Amokfahrt am Breitscheidplatz: War der Todesfahrer schuldunfähig? Jetzt beginnt der Prozess!
Gor V. ist des Mordes an einer Lehrerin und des 16-fachen Mordversuchs angeklagt. Er war am 8. Juni 2022 am Berliner Breitscheidplatz in die Menschenmenge gerast.

Es dauert nur Sekunden: Ein silberfarbener Renault Clio rast am Breitscheidplatz auf den Gehweg am Ende des Kudamms, pflügt Ecke Rankestraße durch die Menschenmenge. Die Lehrerin Tanja Hupfeld (51) aus Bad Arolsen (Hessen) stirbt.

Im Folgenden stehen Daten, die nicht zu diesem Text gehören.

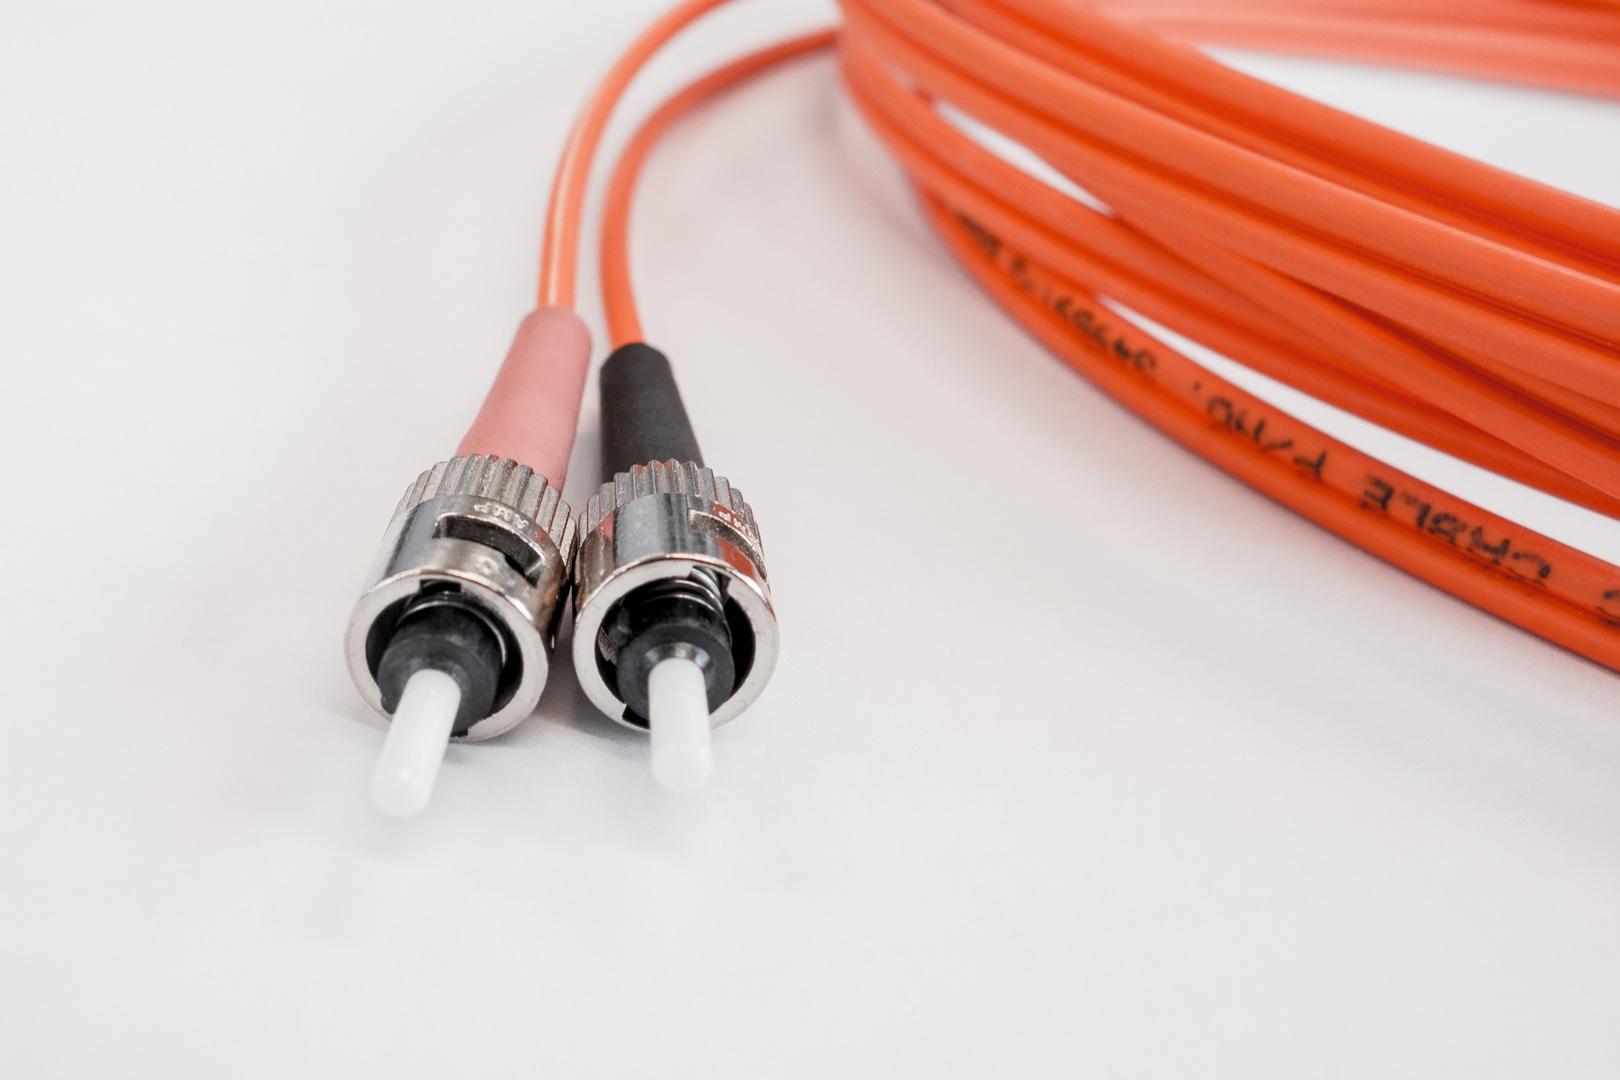 Orange fiber optic cable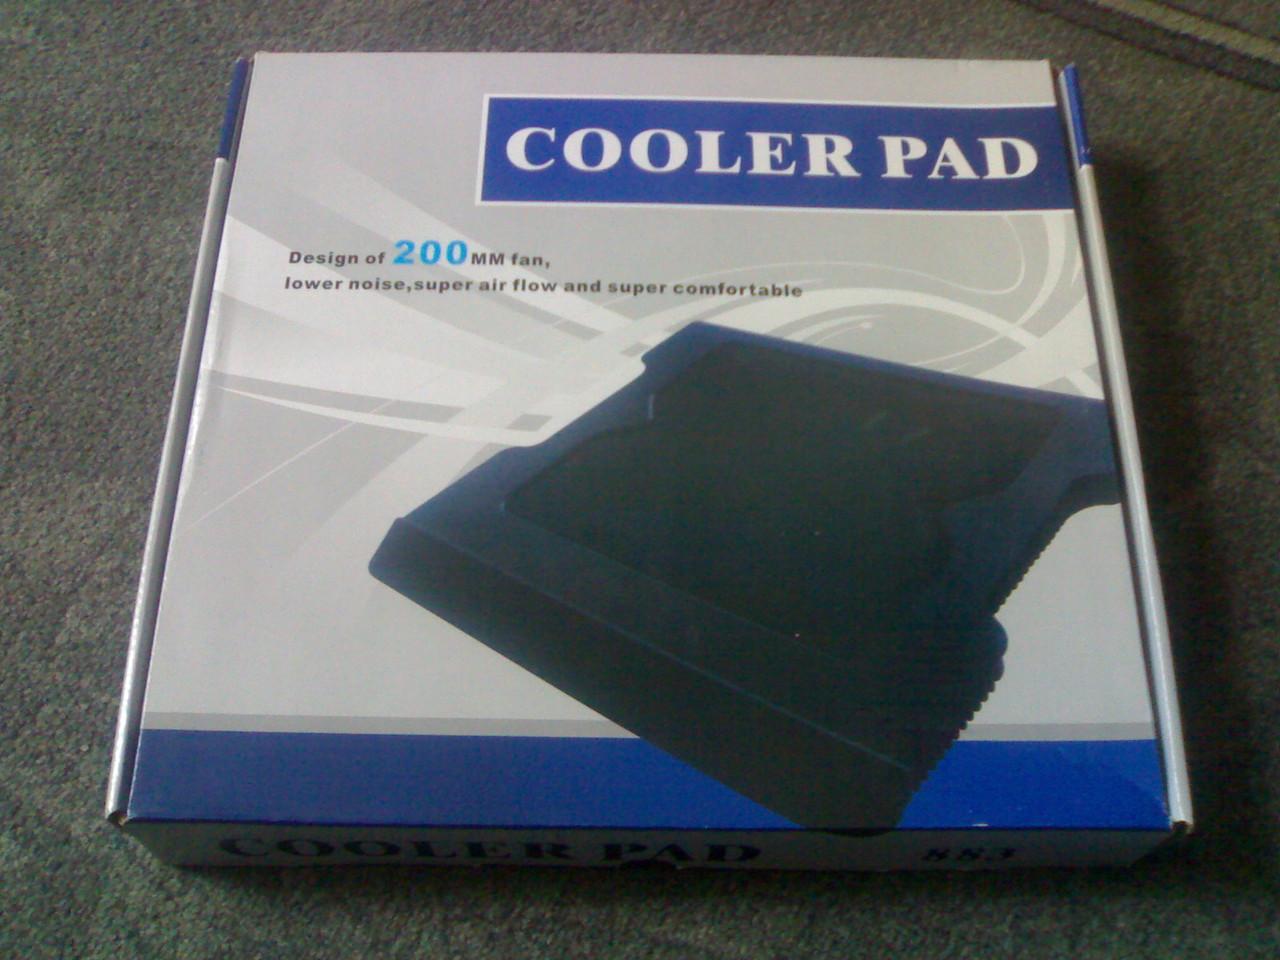 Подставка для ноутбука всех размеров - COOLER PAD., фото 1

Ihr Kollege und zwölf Mädchen und Jungen (14-17) werden teilweise lebensgefährlich verletzt, Schüler der Getöteten aus einer 10. Klasse auf Berlin-Besuch.
Gut 200 Meter weiter endet die Amok-Fahrt im Schaufenster der Parfümerie Douglas an der Marburger Straße Ecke Tauentzien. Dort werden noch eine im siebenten Monat Schwangere (32) und zwei Männer (29, 31) verletzt, die sich an einem Imbiss aufhalten. Am Dienstag beginnt vor dem Landgericht der Prozess gegen den mutmaßlichen Todesfahrer Gor V. (29).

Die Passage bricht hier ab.